The Battle of Maidstone on June 1, 1648, was one of the bloodiest episodes in the county town's history.
Lord General Fairfax, leading a 4,000 strong professional Parliamentarian Army defeated 2,000 Royalists under the Earl of Norwich after a running battle up Gabriel's Hill and along Week Street to St Faith's churchyard where the Royalists made their final stand.
Three hundred Royalists were slain, and 1,400 taken prisoner. The roundheads lost 80 men - who mostly fell in Gabriel's Hill.
On the evening of June 1, Fairfax had drawn up his forces outside the town and was planning an attack in the morning.

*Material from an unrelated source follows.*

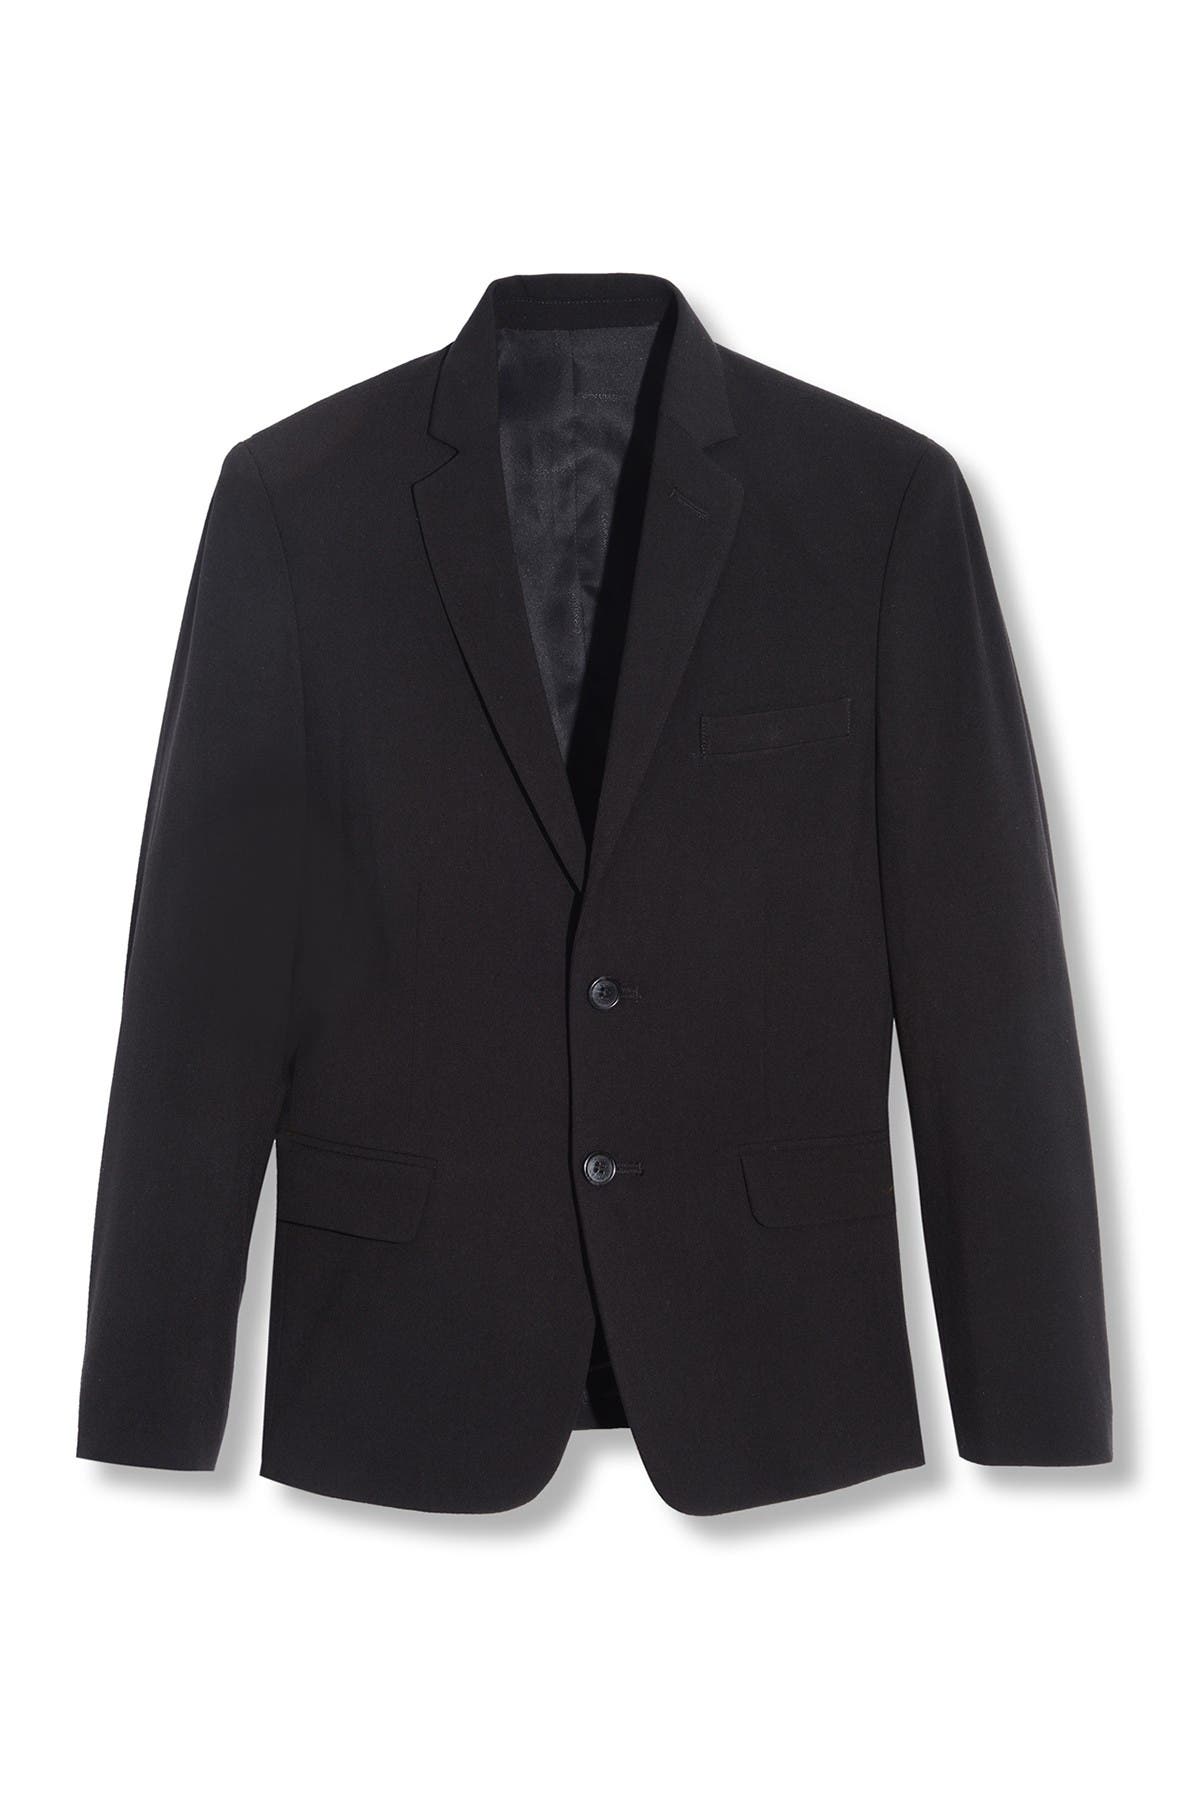 calvin klein black suit jacket

But a series of heavy skirmishes broke out between the two sides, and despite heavy rain, Fairfax decided to launch a general assault
The Royalists had erected barricades in the town and had cannon behind them, but the Parliamentarians, shouting their watchword "Truth" would not be stopped and over-ran the guns.
The Royalists, who were described as "cavaliers, citizens, seamen and watermen" held them back in Week Street for an hour with disciplined musket fire, but were again eventually forced back, finally surrendering in the early hours of the next morning.
The captured soldiers were held prisoner in All Saints Church for a while, but were eventually released and allowed to return to their homes.
The battle was re-enacted by Sealed Knot actors in 2008 while a plaque commemorating the conflict was unveiled last year in Brenchley Gardens.